Source material:
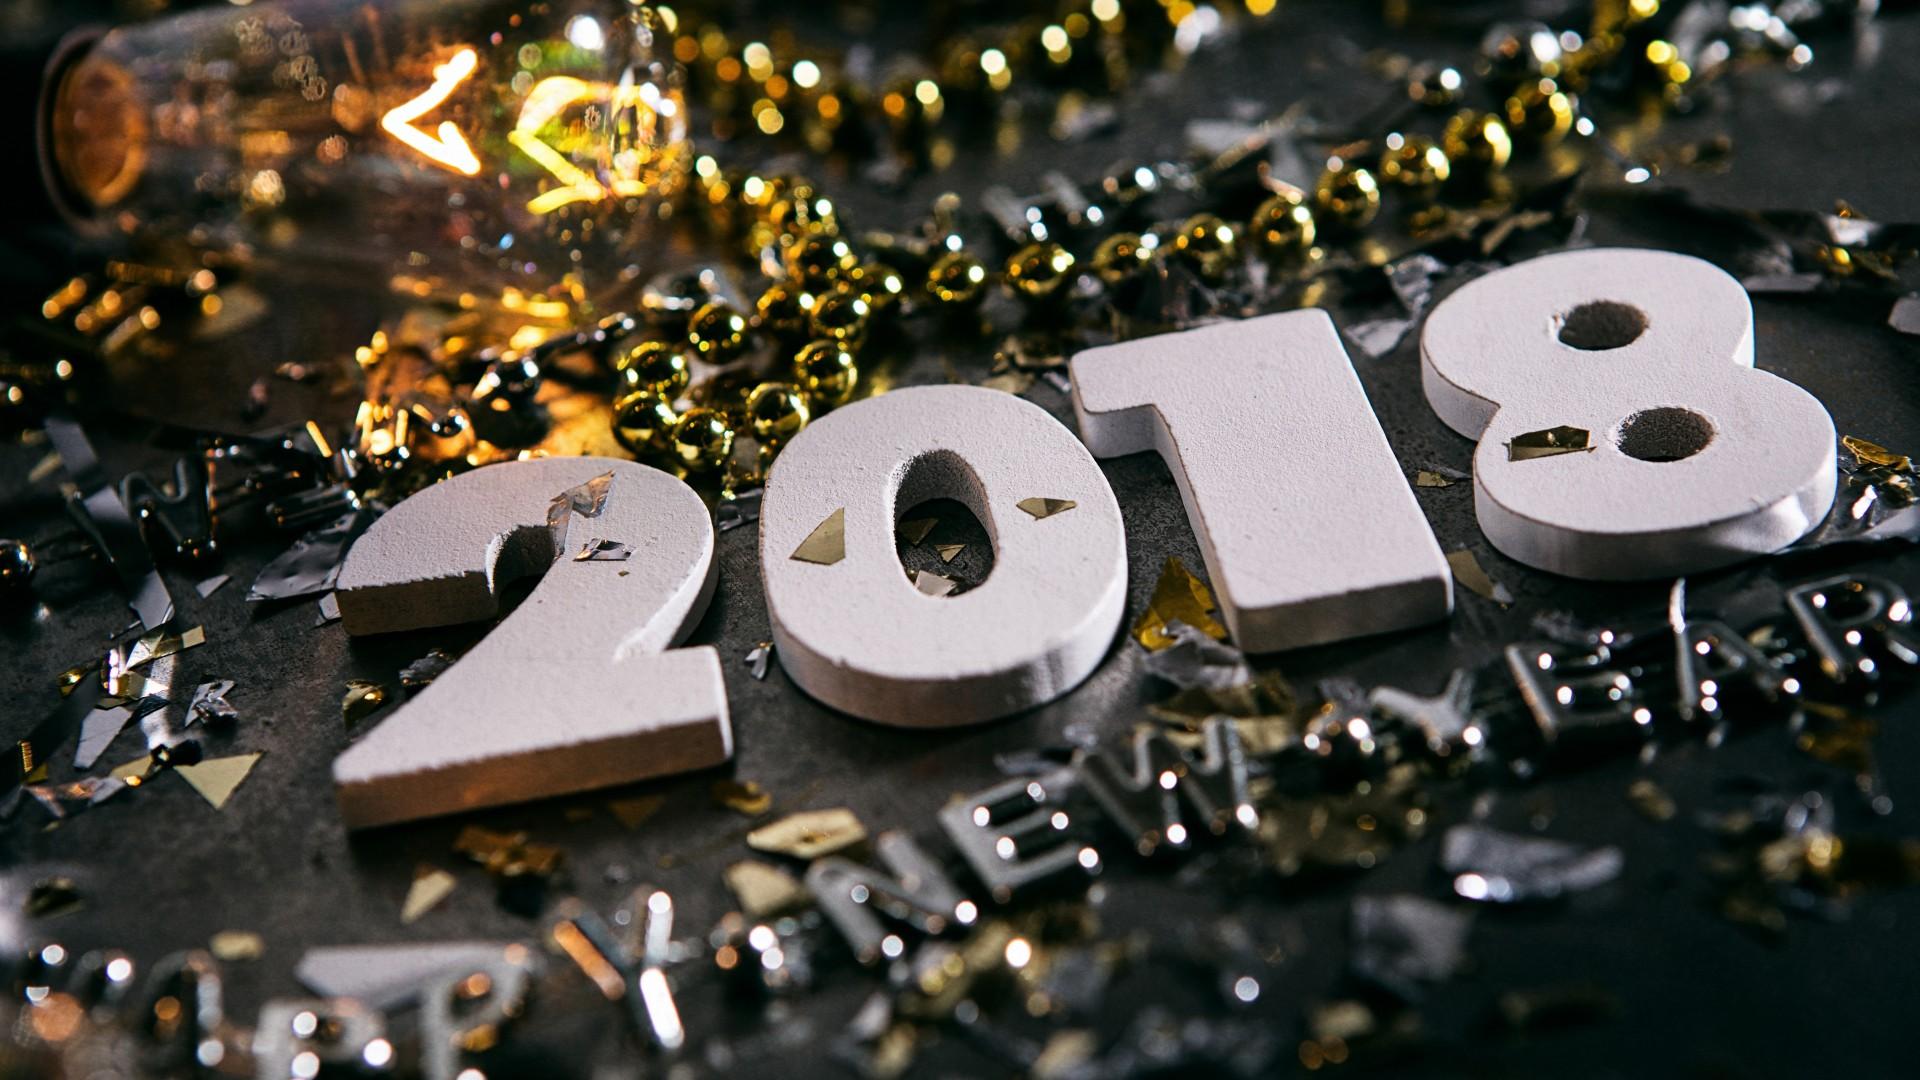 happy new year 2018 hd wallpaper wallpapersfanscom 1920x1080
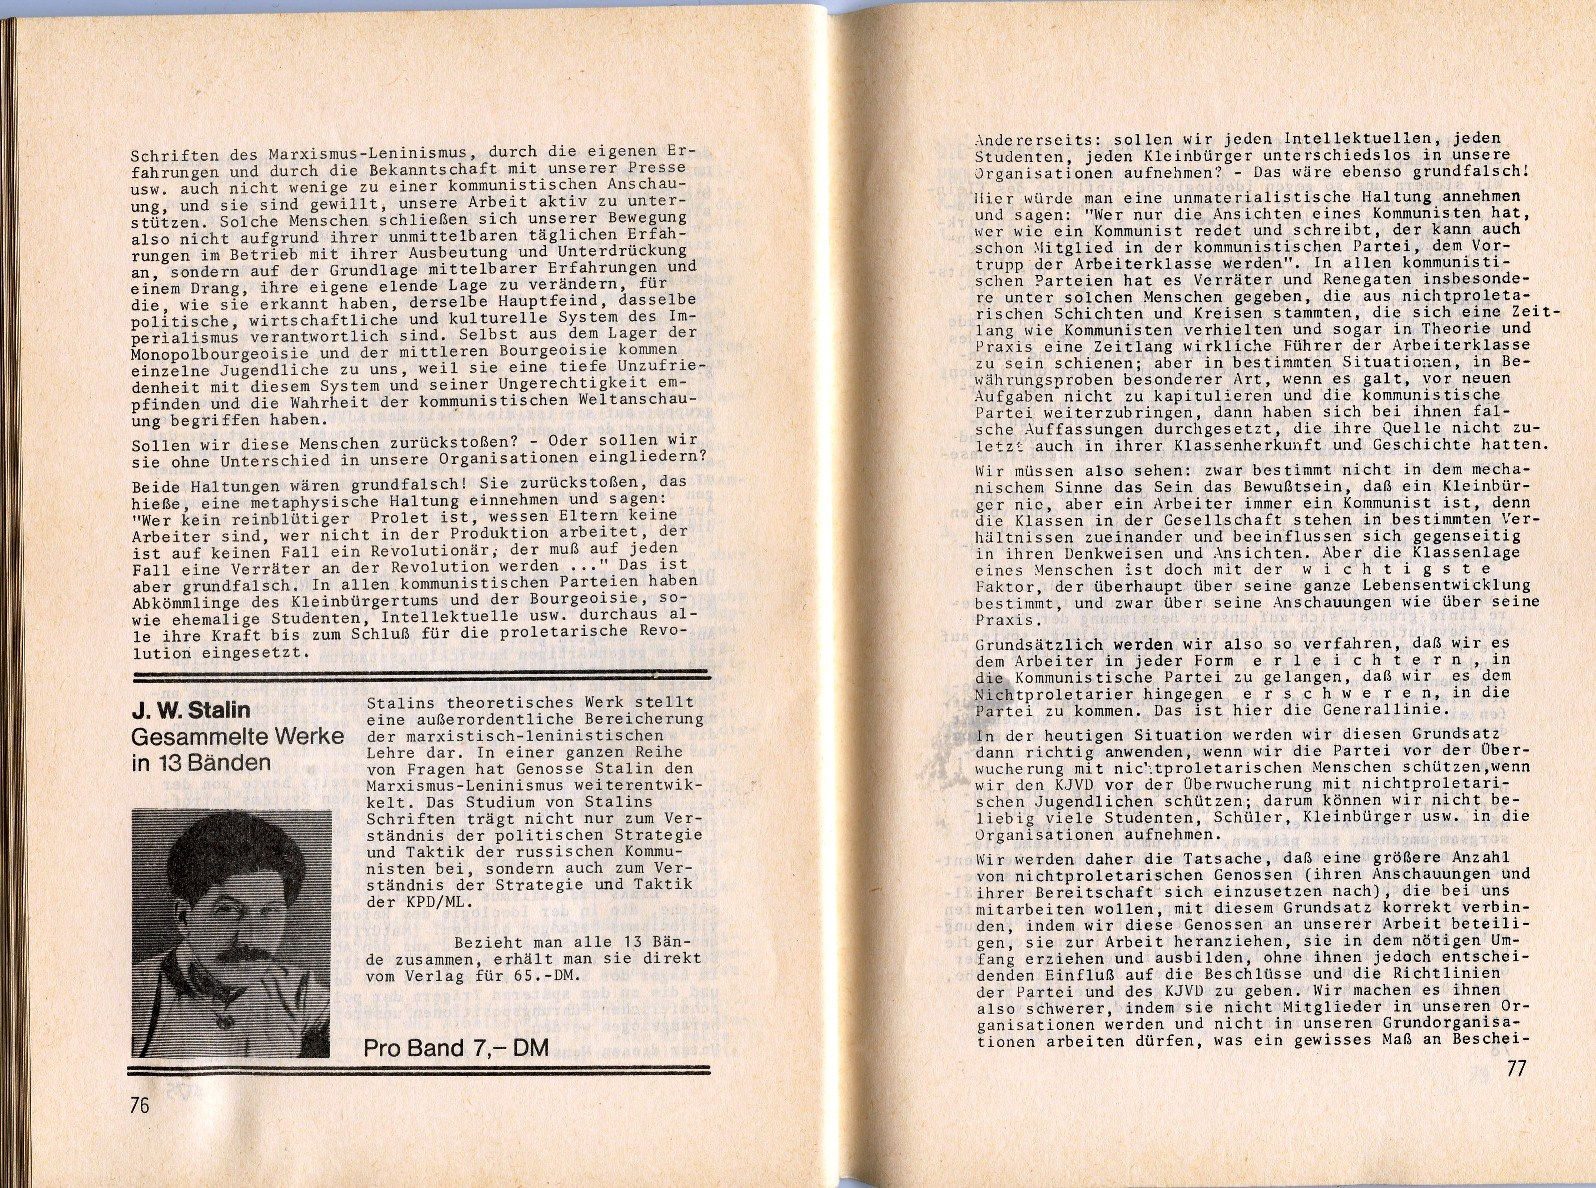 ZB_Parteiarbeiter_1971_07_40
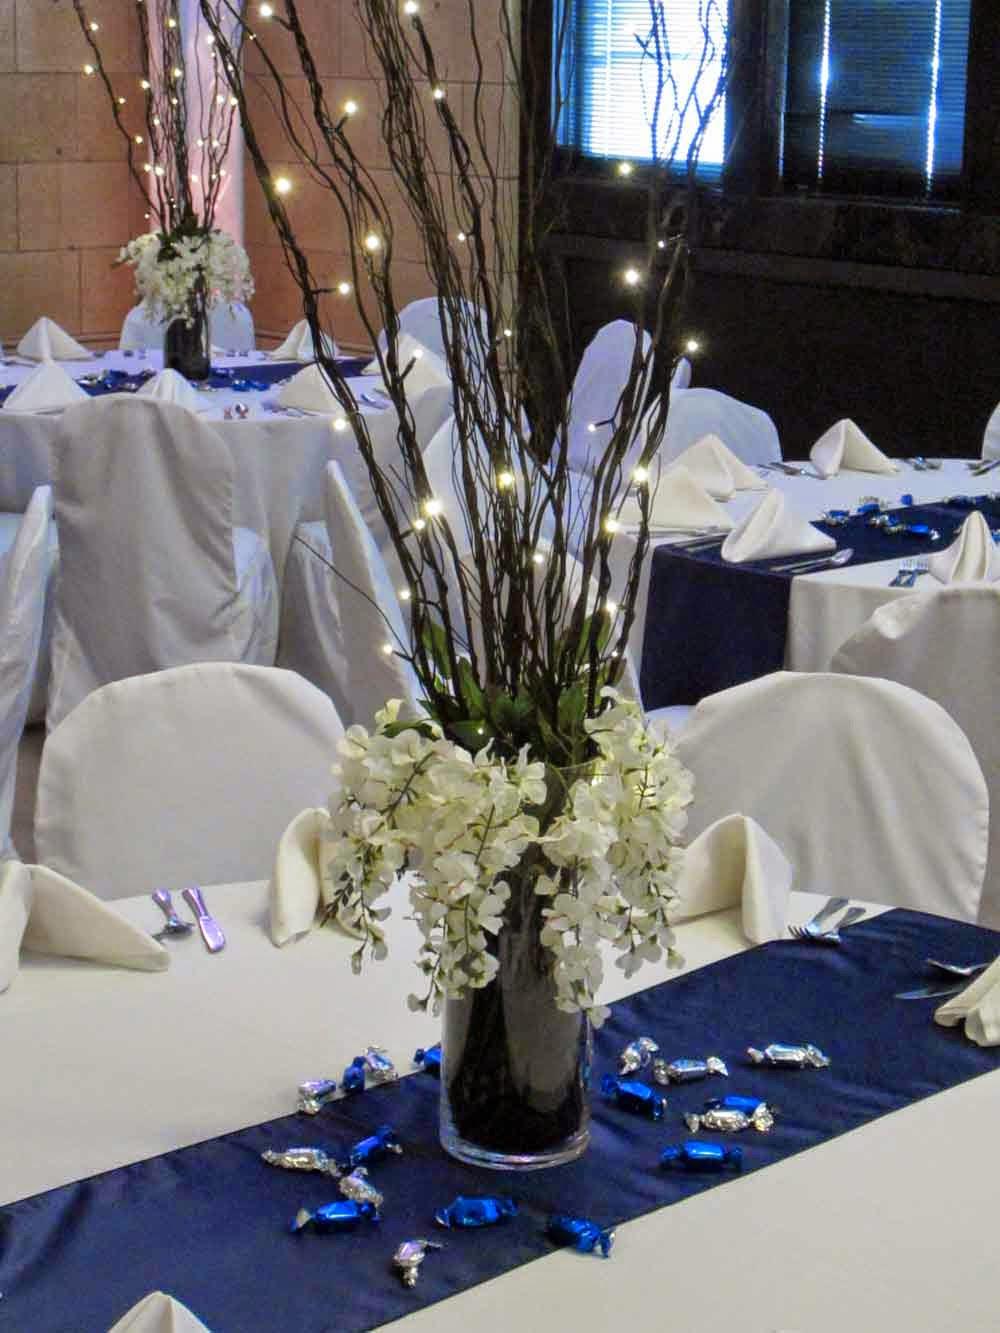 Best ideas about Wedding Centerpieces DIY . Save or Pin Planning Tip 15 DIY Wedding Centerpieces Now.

What to work on: Transcribe every line of the listing above exactly; skip the pictures.

Result of the exercise:
 happy new year 2018 hd wallpaper wallpapersfanscom 1920x1080
 ZB_Parteiarbeiter_1971_07_40
 Best ideas about Wedding Centerpieces DIY . Save or Pin Planning Tip 15 DIY Wedding Centerpieces Now.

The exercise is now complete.